Are you getting a sense at all that, with such a strong opposition coming from Dr. Varma and a kind of a tepid cat on the wall from Mridul Sagar, that maybe the MPC was in the mood to get to normalising, to get a 'you know', to probably 'redo raising the reverse repo' in this year itself?

Das said, ”I want to make two points on this. The first point is, you know, as far as the way I look at the MPC, the RBI members will always go together, you'll never see division in the RBI members taking a different stance among themselves. So, even if Dr. Mridul Sagar was a little more hawkish in June if you see his statements, it kind of shows that RBI will move in one direction. So, whenever anything has to change, all the three RBI members will be on one side.”

So to some extent, from a market perspective, Jayanth Varma just being the lone dissenter didn't matter much for the markets because nothing will change in the October policy, he added.
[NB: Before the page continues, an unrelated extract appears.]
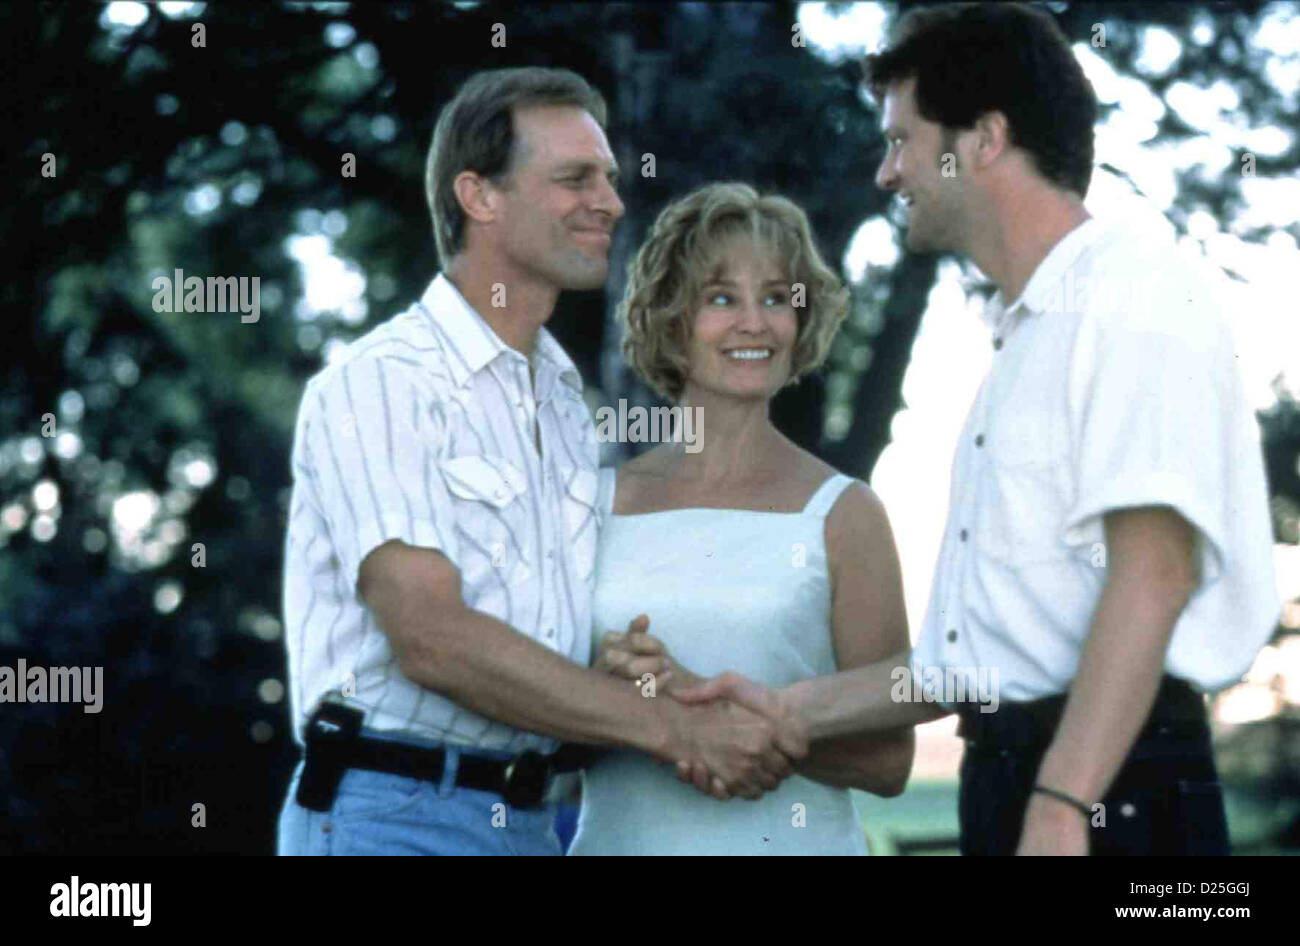 Tausend Morgen  Thousand Acres,  Keith Carradine, Jessica Lange, Colin Firth *** Local Caption *** 1997 IFTN/Polygram/Touchstone Stock Photo

The second point was what RBI should be doing and what RBI was going to do in the upcoming policies. As far as what RBI should be doing, he said Professor Varma made a lot of sense that there's no point in keeping reverse repo at 3.35 percent at this level, slowly, RBI should consider increasing.

Bhardwaj said, “There were two members I was looking more closely to - one is Professor Jayanth Varma and Dr Sagar because Dr. Sagar in the previous minutes was slightly hawkish and this time around, what I see is there's a slight softness wherein the concerns on growth have been highlighted and the fact that the risks to inflation are temporary, and we are expecting inflation to be even higher than the target, but below 6 percent, I think that is what Dr Sagar has highlighted.”

“I think there's a touch softness in his minutes this time as compared to last time and, and clearly Professor Varma, we were expecting, the reasons were also very clear and the suggestions that they have made is also something which we as market participants have anyways been saying. So that is something which the markets have absorbed the news? I don't think this is anything incrementally new. If at all, I would say a re-enforcement of pro-growth probably could be marginally positive for the market.